Without Shingen, his son Katsuyori 勝頼 led the Takeda to destruction at Nagashino 長篠 in 1575, where massed arquebus fire annihilated the famous Takeda cavalry. The Tiger of Kai was stopped not by a battlefield defeat, but by his own mortality.
But here's the most human part of Tadakatsu's story — something no game can capture.
Honda Tadakatsu retired to Kuwana Castle 桑名城 and took up woodcarving. One day, while carving, he cut his own hand. It was the first time in his entire life he had ever bled from a blade.
Seeing his own blood, the man who had survived 57 battles took it as an omen. He believed his time had come. Within weeks, at age 63, he willed himself to die.
The warrior who surpassed death itself — brought down not by any enemy, but by a piece of wood and the weight of his own legend.
The nickname "Oni no Hanzo" 鬼の半蔵 — Demon Hanzo — didn't come from sneaking around in shadows. He earned it at the Battle of Mikatagahara for distinguished combat, commanding an Iga unit of 150 men.

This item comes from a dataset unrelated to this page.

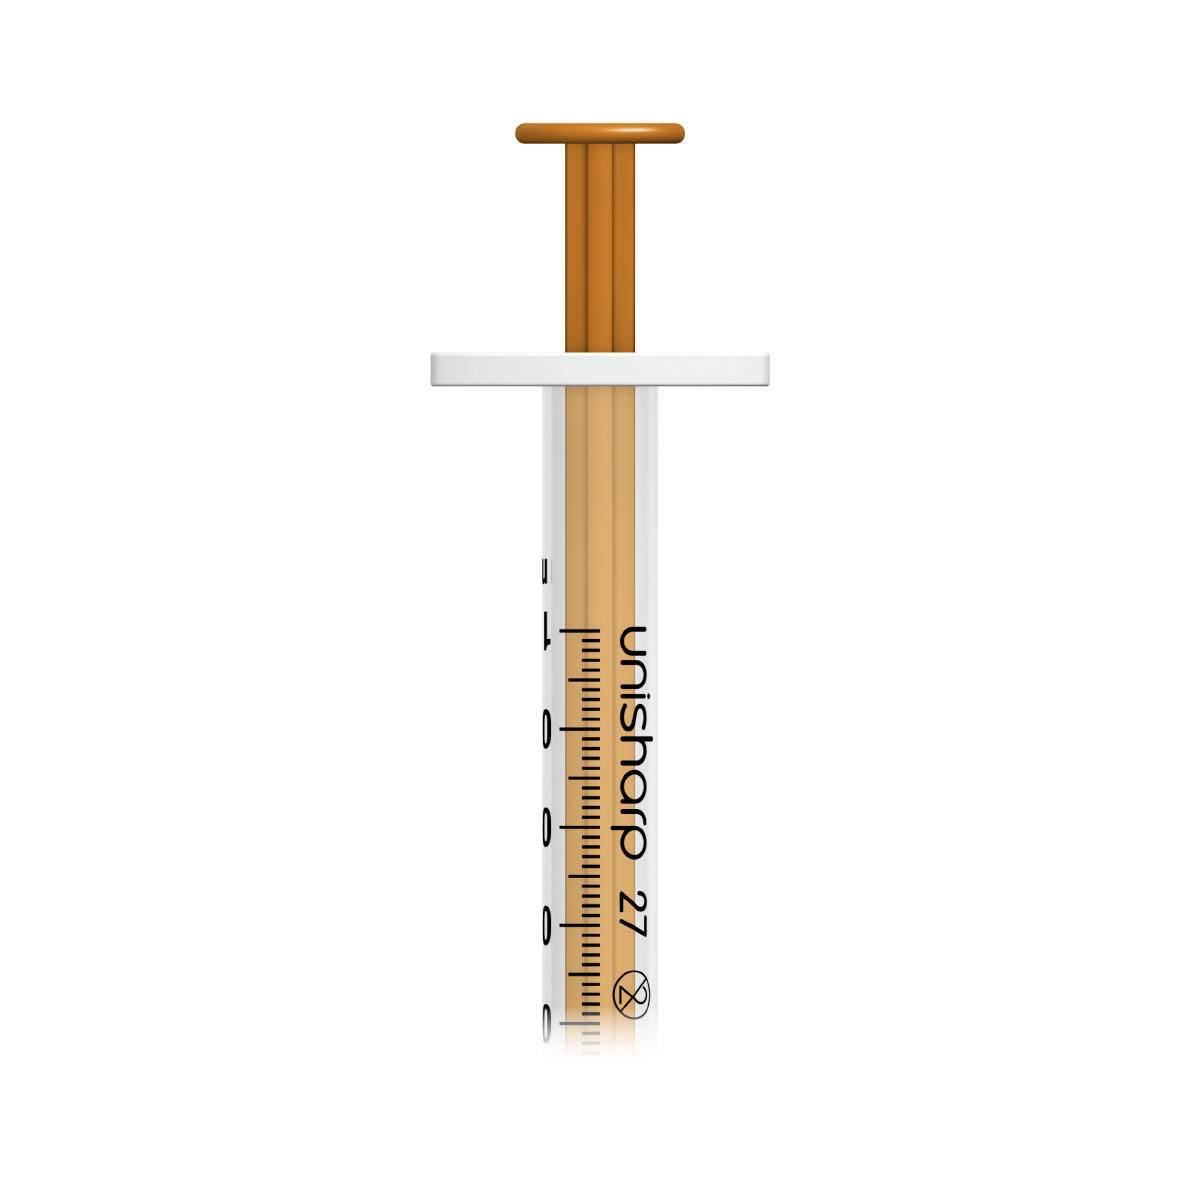 1ml 0.5 inch 27g Orange Unisharp Syringe and Needle u100

Silent, shadowy, supernatural. Master of stealth and assassination. The pop culture archetype of the shinobi.
Nobody called him a "ninja" until the 20th century. The first fiction connecting him to the ninja mythos was a 1958 novel.
His greatest achievement did involve those Iga connections. In 1582, after Akechi Mitsuhide 明智光秀 assassinated Oda Nobunaga at Honno-ji 本能寺, Ieyasu was stranded near Osaka 大坂. Hanzo mobilized 200-300 Iga warriors and escorted Ieyasu through dangerous mountain passes to safety.
This is the Iga Crossing 伊賀越え — arguably the single most consequential "ninja" operation in Japanese history. If Ieyasu had been killed, the Tokugawa Shogunate 徳川幕府 never happens. 265 years of history — erased.
The pop culture ninja — silent, emotionless, deadly — couldn't be further from the real man.
So how does Team Ninja's version stack up against the historical record?
The yokai in Nioh have always worked as metaphors. The chaos of the Sengoku period — the civil war, the betrayal, the destruction — these were Japan's real demons. Nioh 3 takes the literal approach and makes you fight them. But the underlying truth is the same.
There's a reason the Sengoku period is Japan's most popular historical setting. It's the same reason China keeps returning to the Three Kingdoms. These eras have everything — larger-than-life personalities, impossible reversals, questions about power, loyalty, and what it means to build something lasting from destruction.
The Tiger of Kai. The Warrior Who Never Bled. The Demon Who Cried. The Patient Shogun.
These aren't just boss fights and NPC allies. They were real people who shaped one of the most important transitions in Japanese history.